**Task**
Nothing but the lines below from the one containing "Aviron bateaux touristiques" through the one containing "Bikes With Images" should appear in the answer, exact and without pictures.

**Extracted information**
-=-=-=-=-

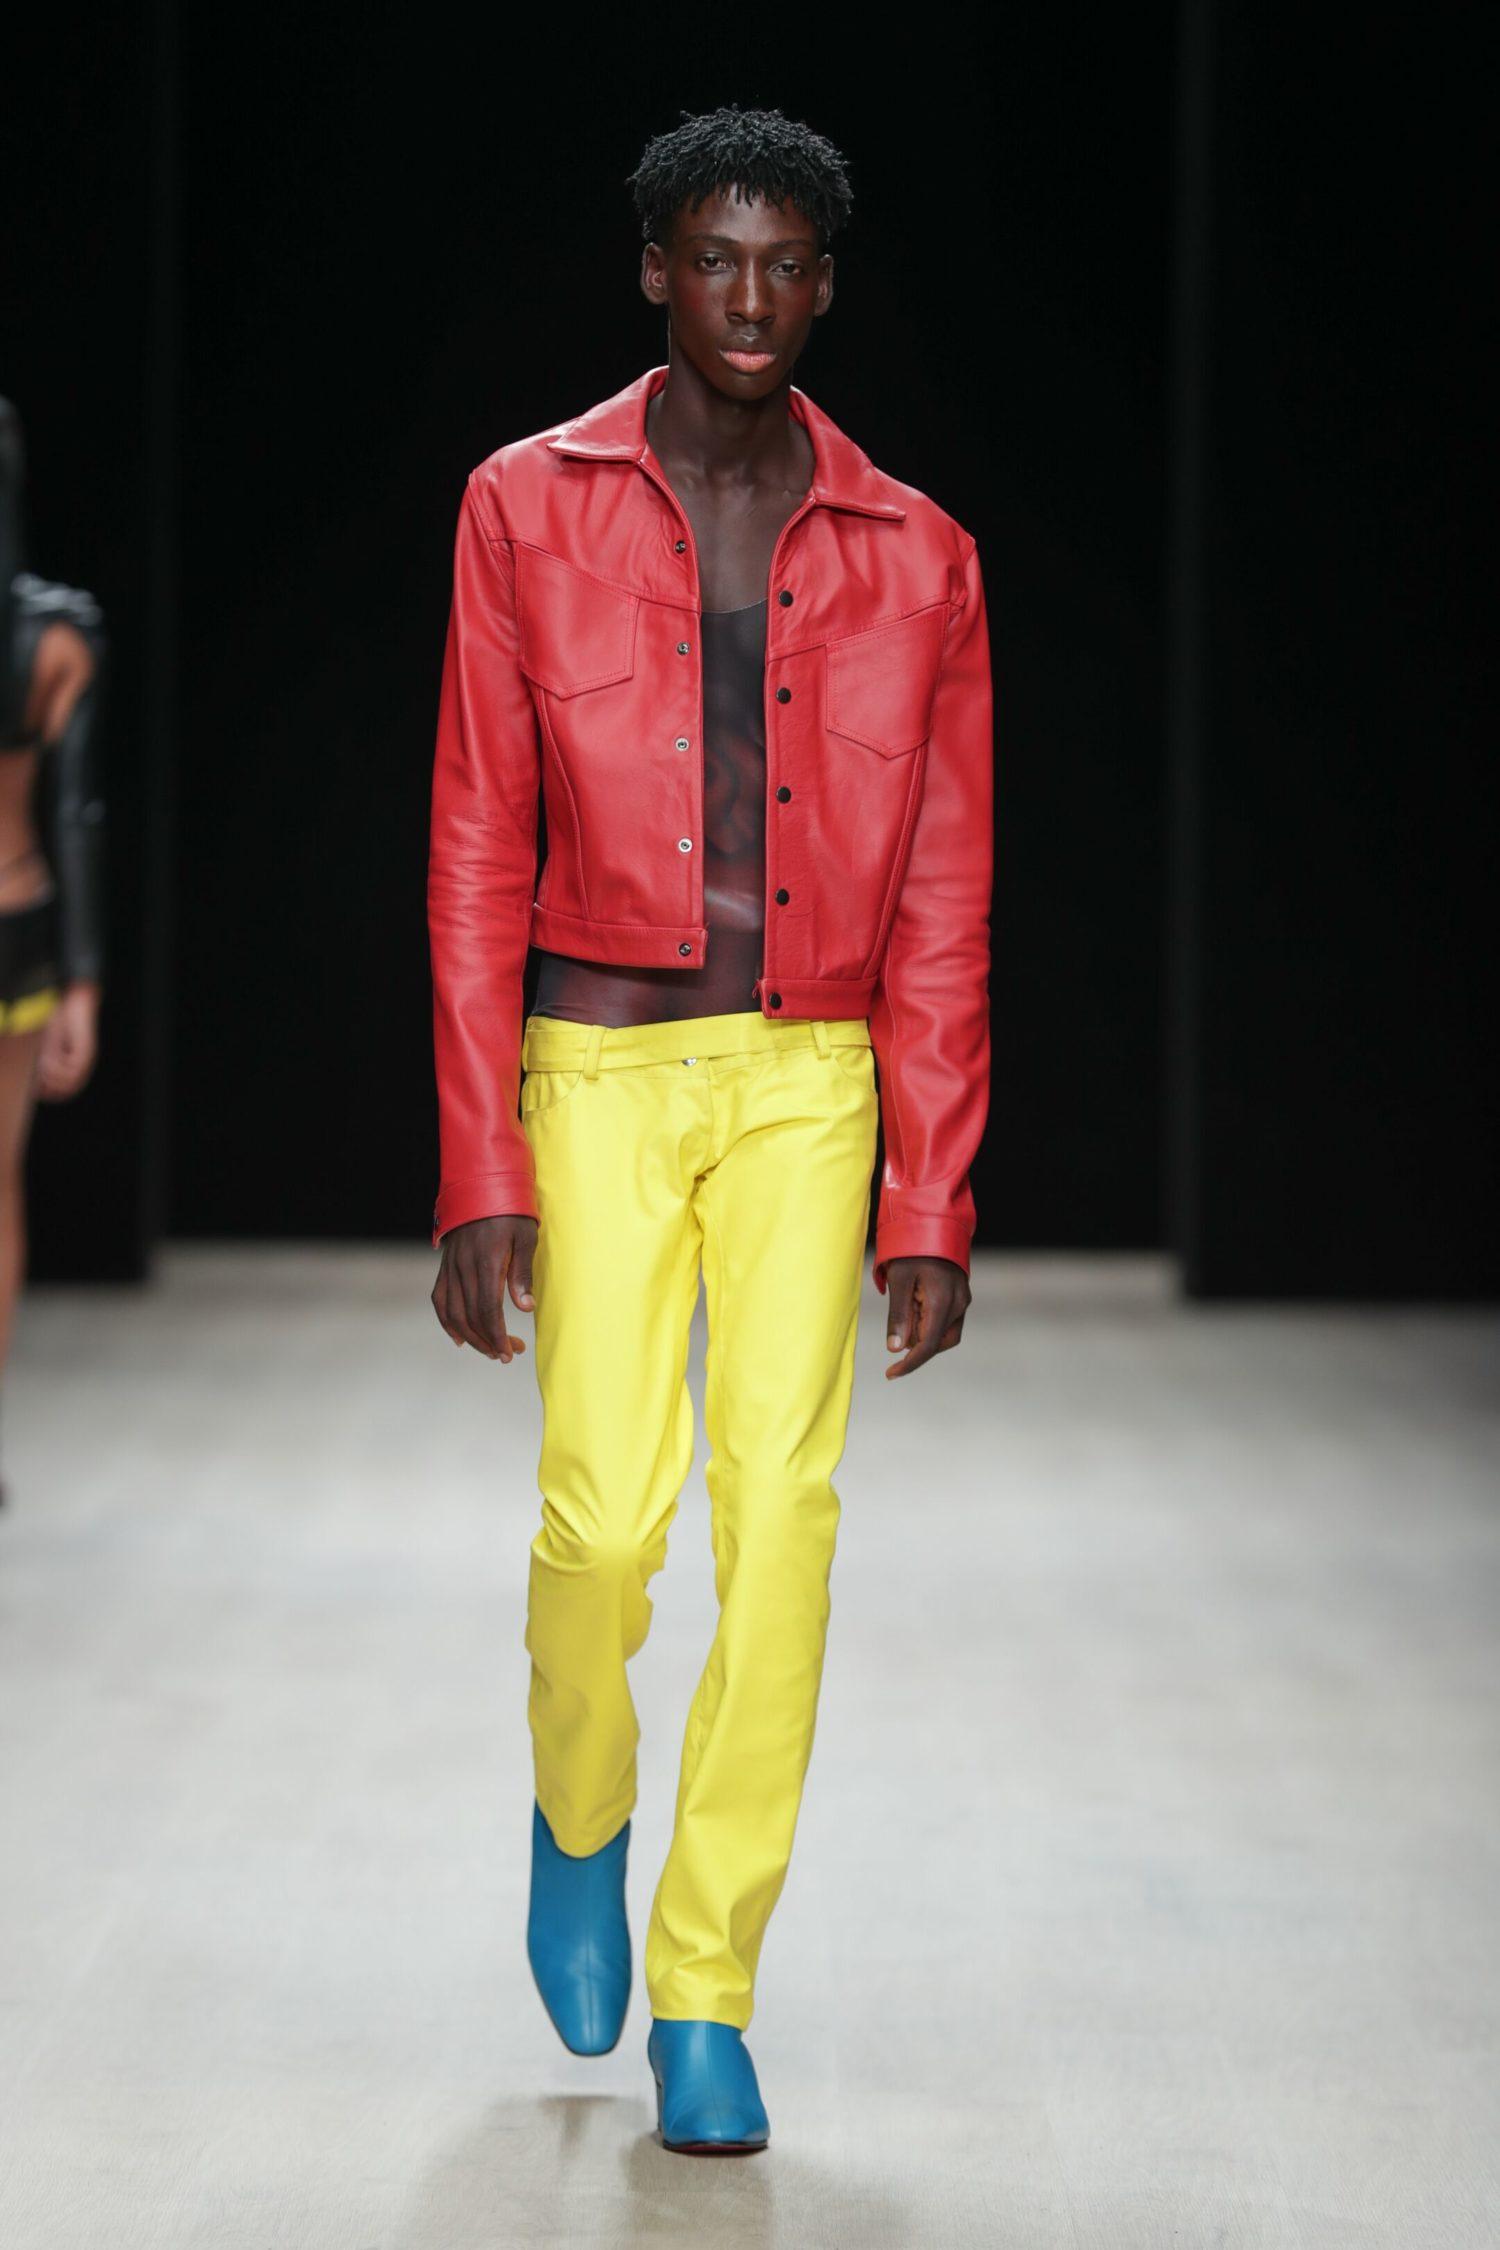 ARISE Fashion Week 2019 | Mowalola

-=-=-=-=-

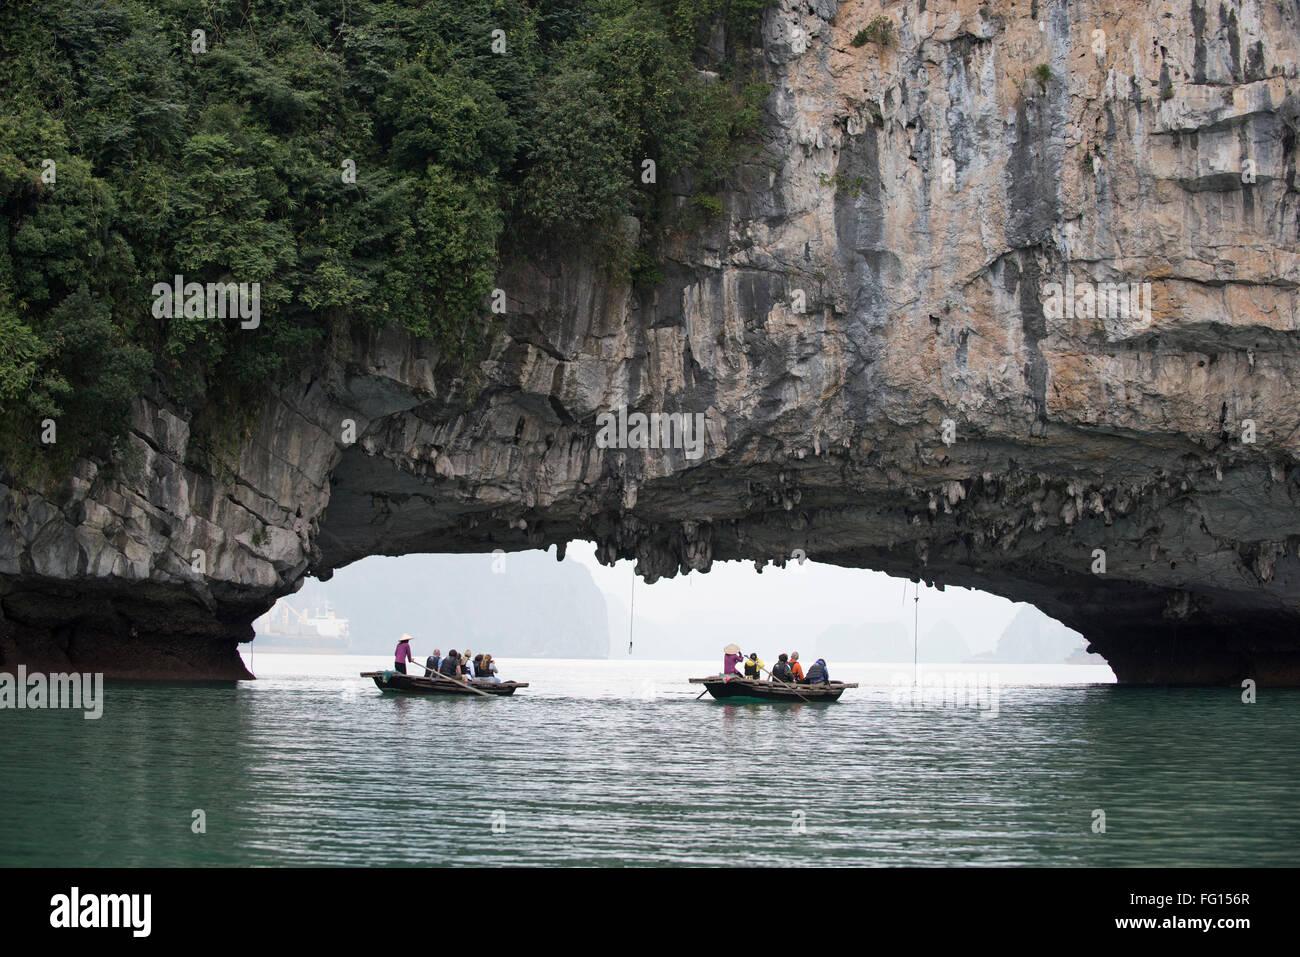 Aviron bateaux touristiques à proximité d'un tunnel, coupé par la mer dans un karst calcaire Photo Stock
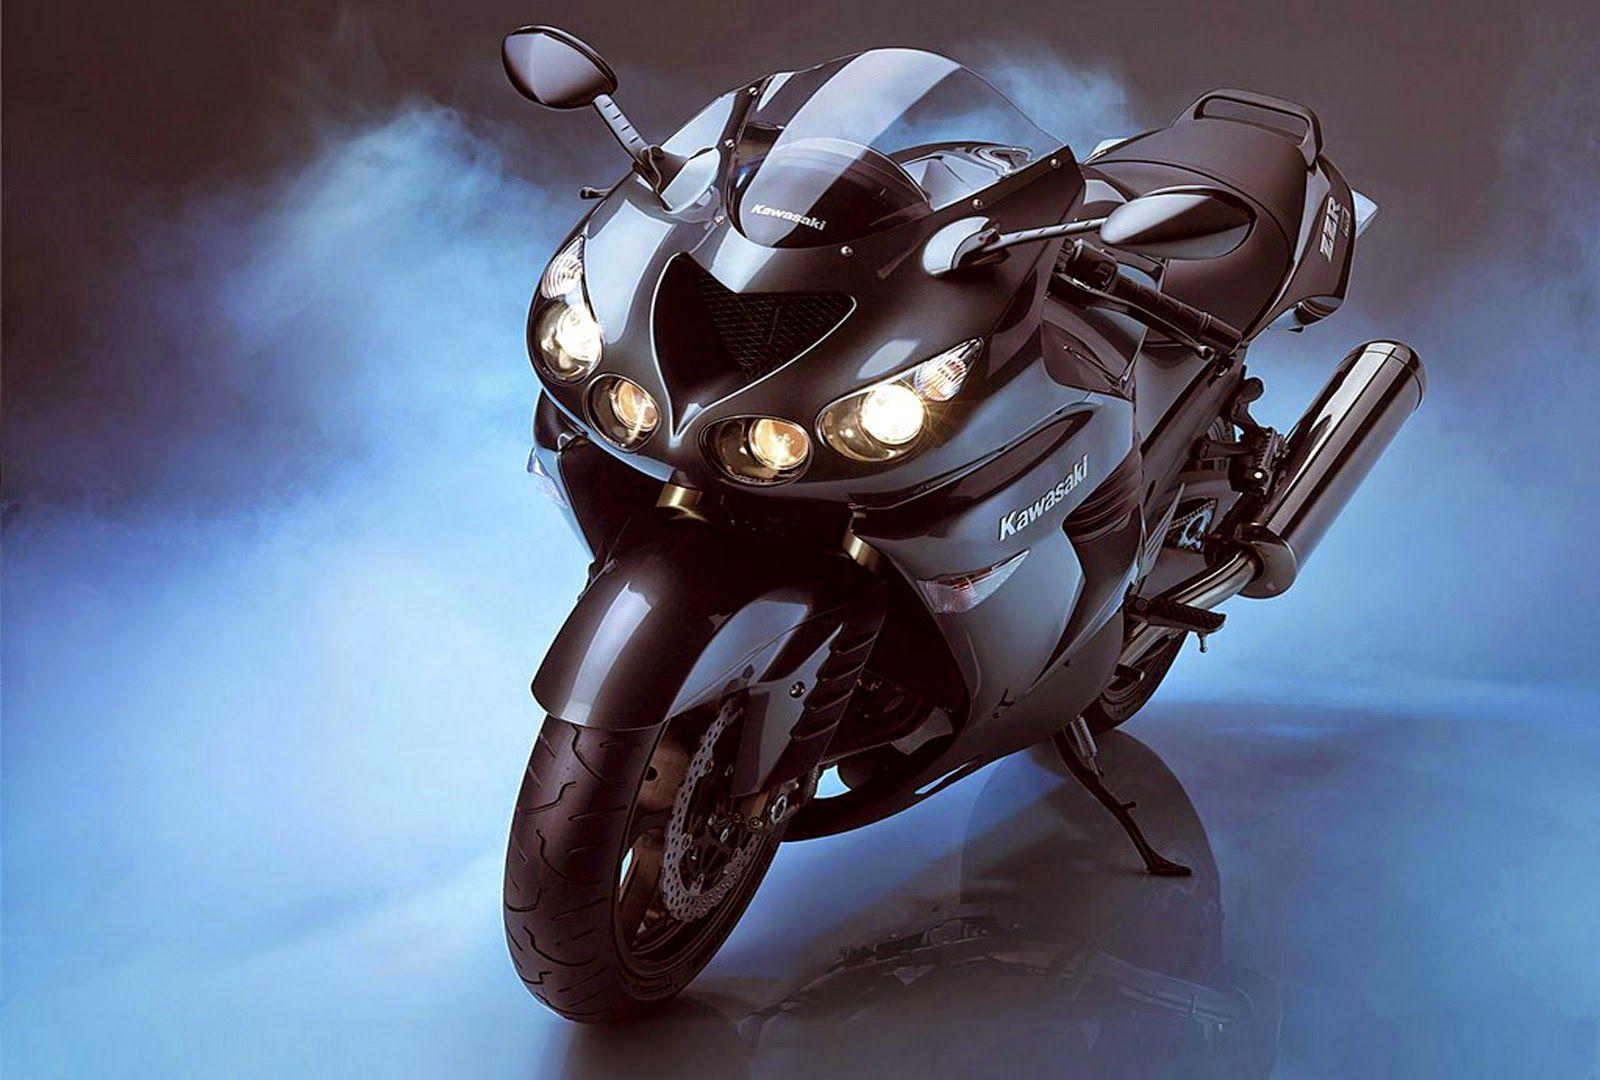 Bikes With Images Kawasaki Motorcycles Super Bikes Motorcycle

-=-=-=-=-

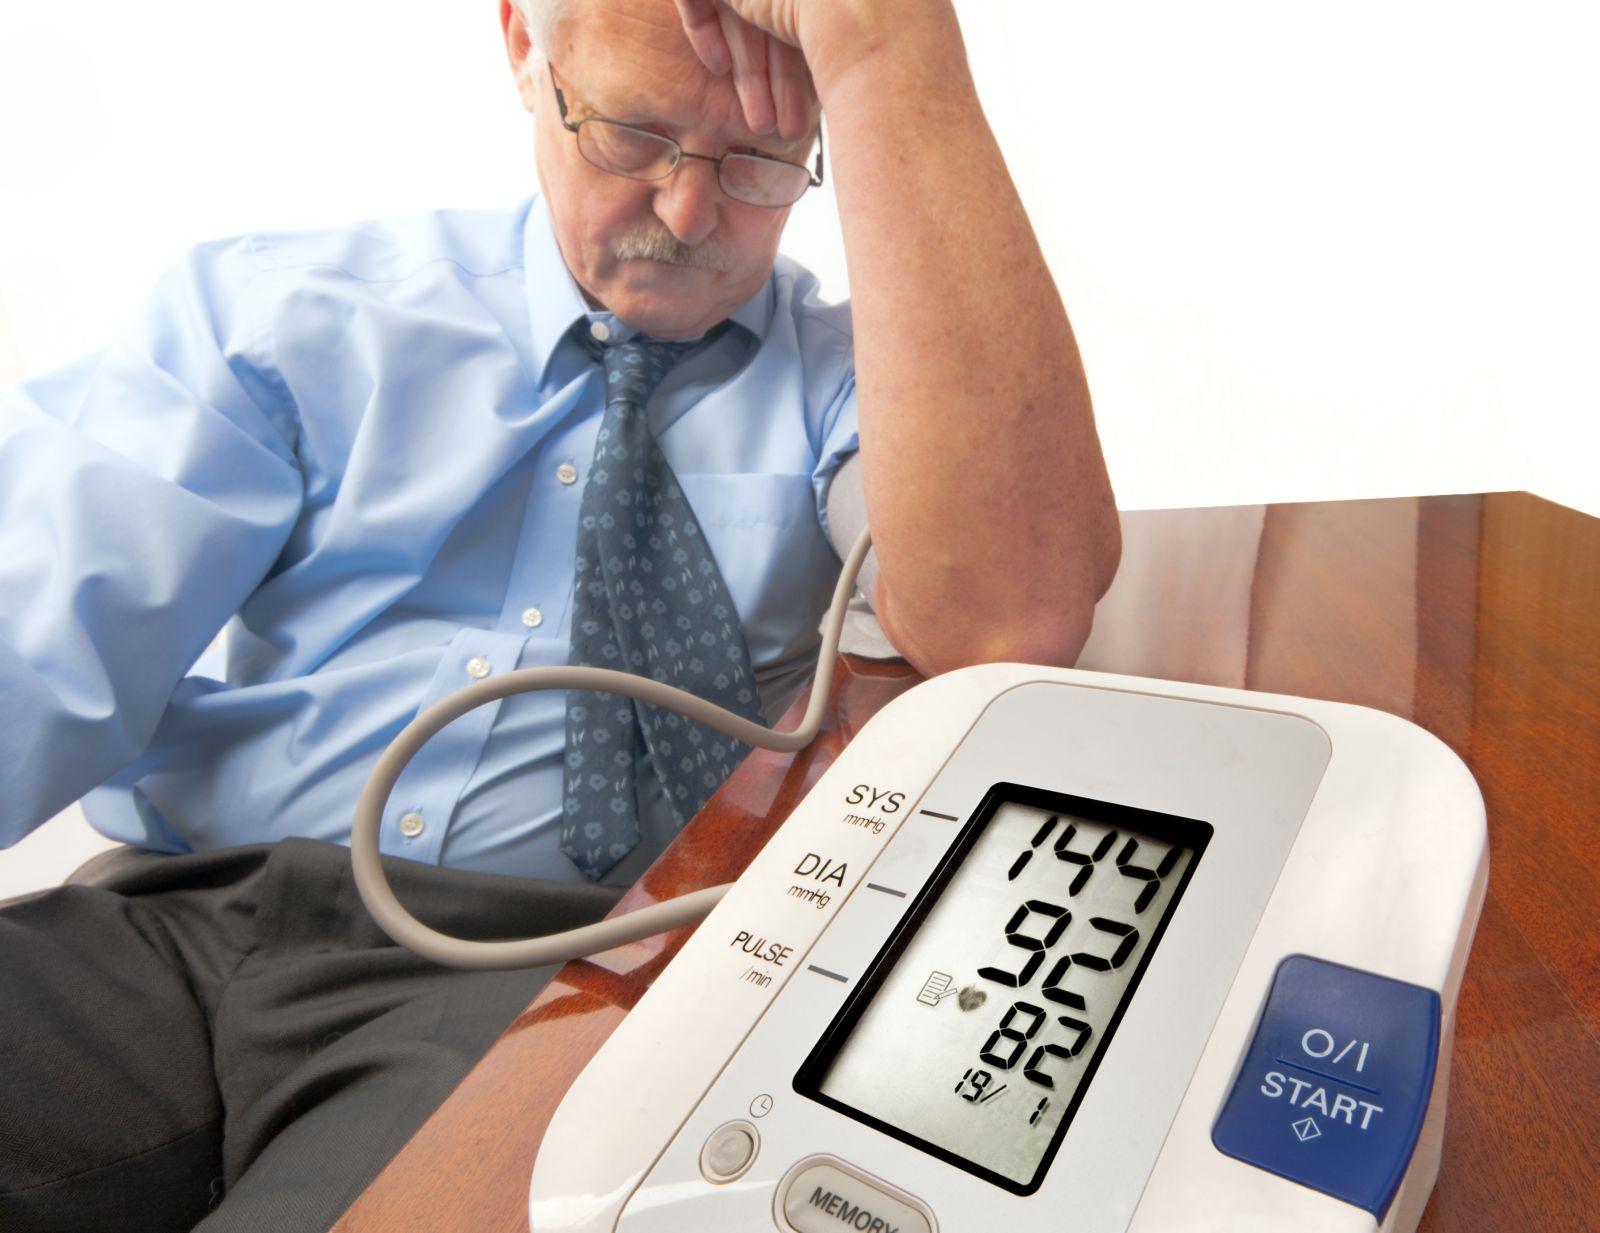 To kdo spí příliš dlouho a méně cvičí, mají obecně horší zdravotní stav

-=-=-=-=-

**Output for this task**
 Aviron bateaux touristiques à proximité d'un tunnel, coupé par la mer dans un karst calcaire Photo Stock
 Bikes With Images Kawasaki Motorcycles Super Bikes Motorcycle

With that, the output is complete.